Well, you're going to be waiting a while longer.
Apparently, they're having problems that appear to be almost insurmountable in terms of producing a document that the White House would be happy with, because the intelligence analysts, having been burned once over Iraq, are now very goosey about making judgments on things where they feel the evidence doesn't support it.
And the evidence of Iran having a nuclear weapons program apparently is not there, and also the evidence for Iran interfering actively in either Afghanistan or Iraq or both is not there either.
And yet the White House, of course, wants to see that.

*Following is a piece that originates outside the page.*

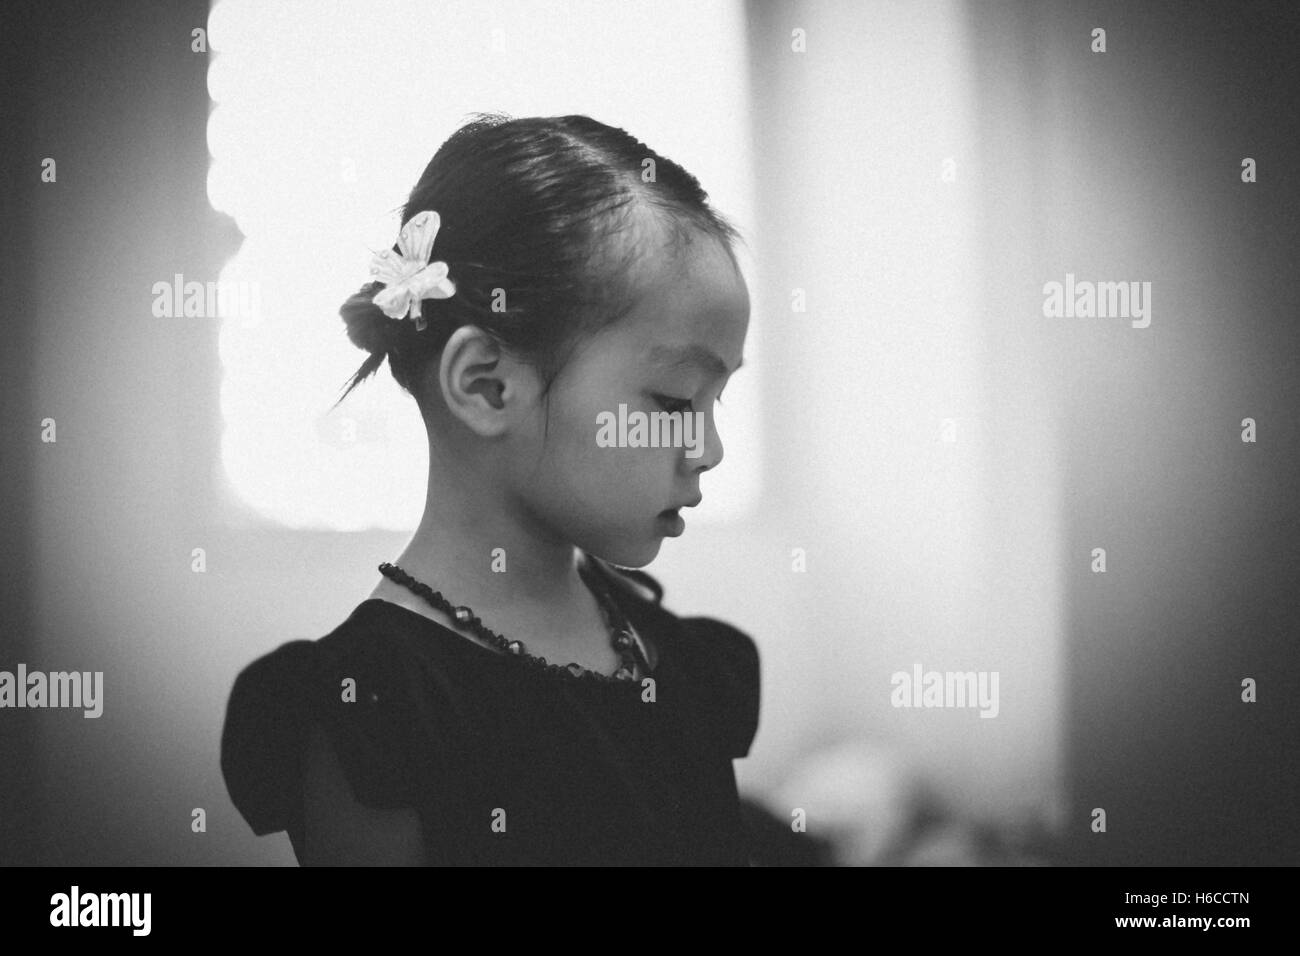 Portrait de jeune fille vietnamienne avec robe noire Banque D'Images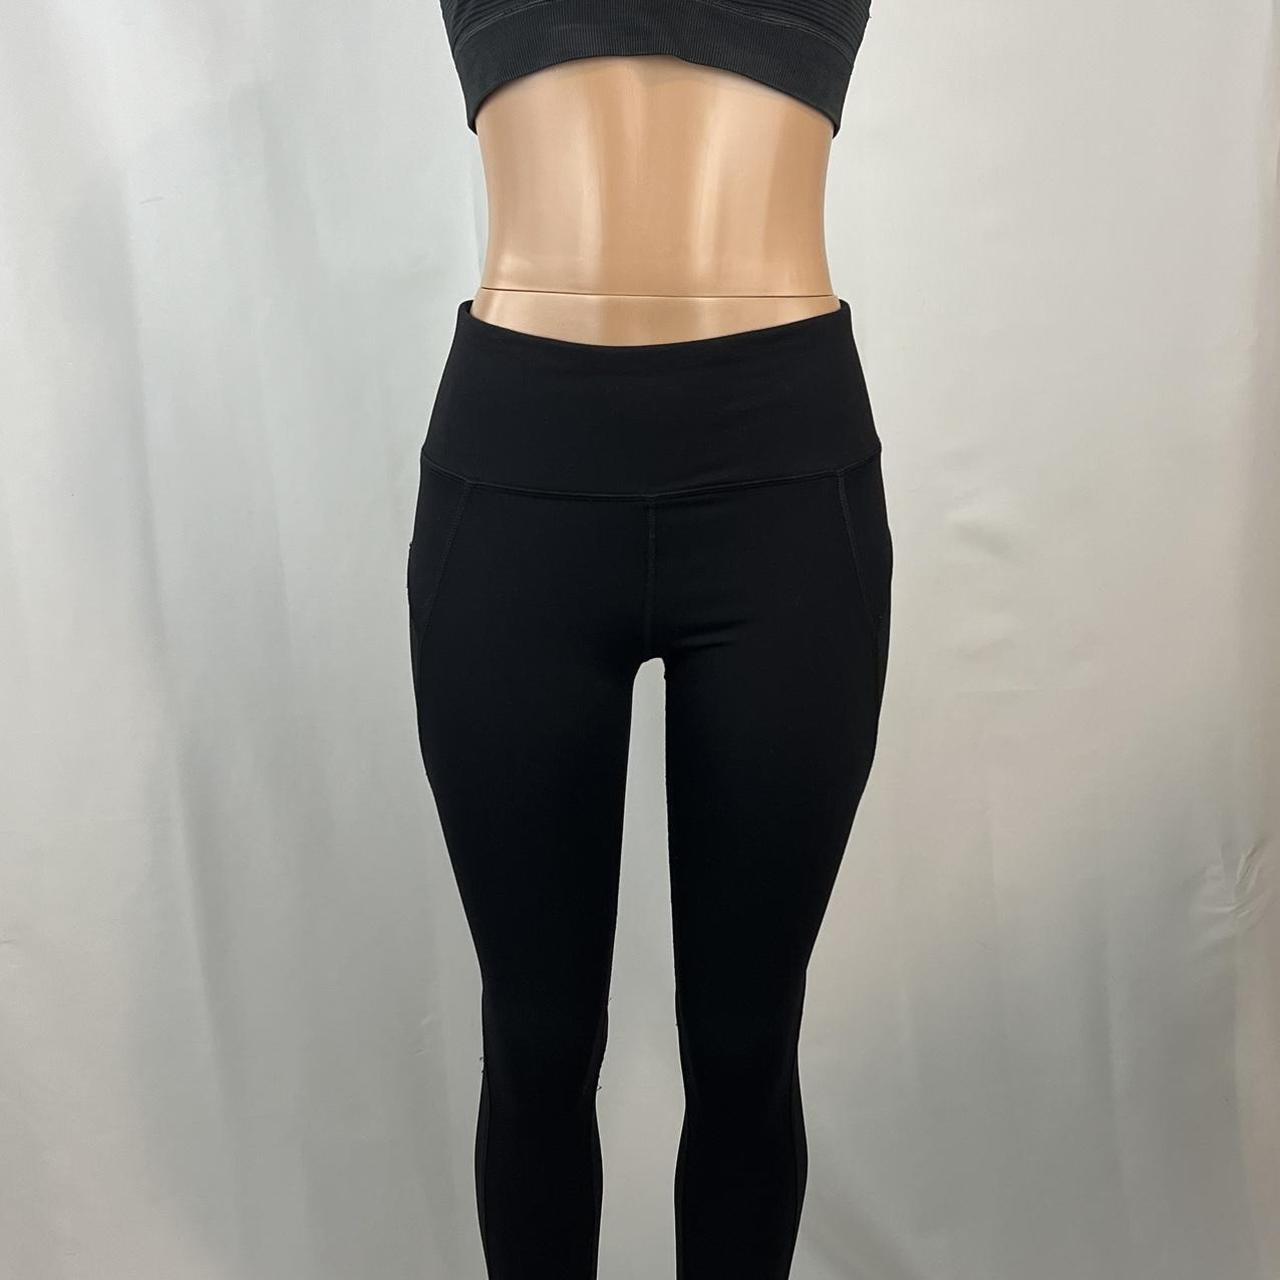 Black leggings size M from RBX #leggings - Depop

So the document is kind of hung up in the process.
That's interesting.
I have to tell you, if I was Dick Cheney, agenda-driven, I would still want to know what the facts were so I could drive my agenda in a way that's going to work for me.
It sounds like these people have horse blinders on.
Well, yeah, but look at it the other way.
The other way is if the facts don't support your agenda, no matter how you twist them, you're not going to want to hear them.
We're in a funny situation now where reality doesn't seem to impact on policy at all.
And Condoleezza Rice is in Ankara.
I think she arrives tonight, or is probably there already, and will be talking to the Turkish government tomorrow prior to the prime minister going over to see Bush next week.
But Rice has nothing to offer the Turks anymore.
There's nothing she can do.
There's nothing she can say.
And America has no credibility anywhere in the Middle East in particular, and hardly anywhere in the world anymore.
The U.S. by any measure had incredible influence, incredible capabilities, lots of doors open back six years ago.
And all of that equity has just been blown out the window.
Yeah, and now you brought up Condoleezza Rice.
Her one triumph, I guess, was when Dick Cheney was out of town.
She convinced George Bush to let her go to North Korea, or let her send her munchkin to go to North Korea and work out a deal, and she did.
And every time I open the paper, I read John Bolton, the former unconfirmed ambassador to the United Nations, doing everything he can to accuse Rice of, you know, he uses every word but treason, basically, and making a deal with the North Koreans.
Are the neocons going to be successful in undermining this one diplomatic triumph?
No, I don't think they will be, because it's gone too far, and I think that the implementation phase is taking place right now, and it will continue.
It's interesting to note, however, that they are beating on this drum, and I think one of the substories to the Israeli attack on Syria back in September is that the attempted implication of North Korea in this story.
And that has neocon fingerprints all over it.
Well, now, what did happen there?
Because it seemed at first that whatever it was had nothing to do with nuclear anything, and now the New York Times is publishing these satellite photos saying, oh, see, it's right next to a river like they would need for coolant, and it must have been some sort of secret nuclear program.
What do you know about it, Phil?
Well, I don't know for a fact that this was not any kind of attempt to build a reactor, but there's no evidence for it.
The U.S. intelligence community believes that the whole nuclear story is some kind of fraud that's been concocted for various reasons.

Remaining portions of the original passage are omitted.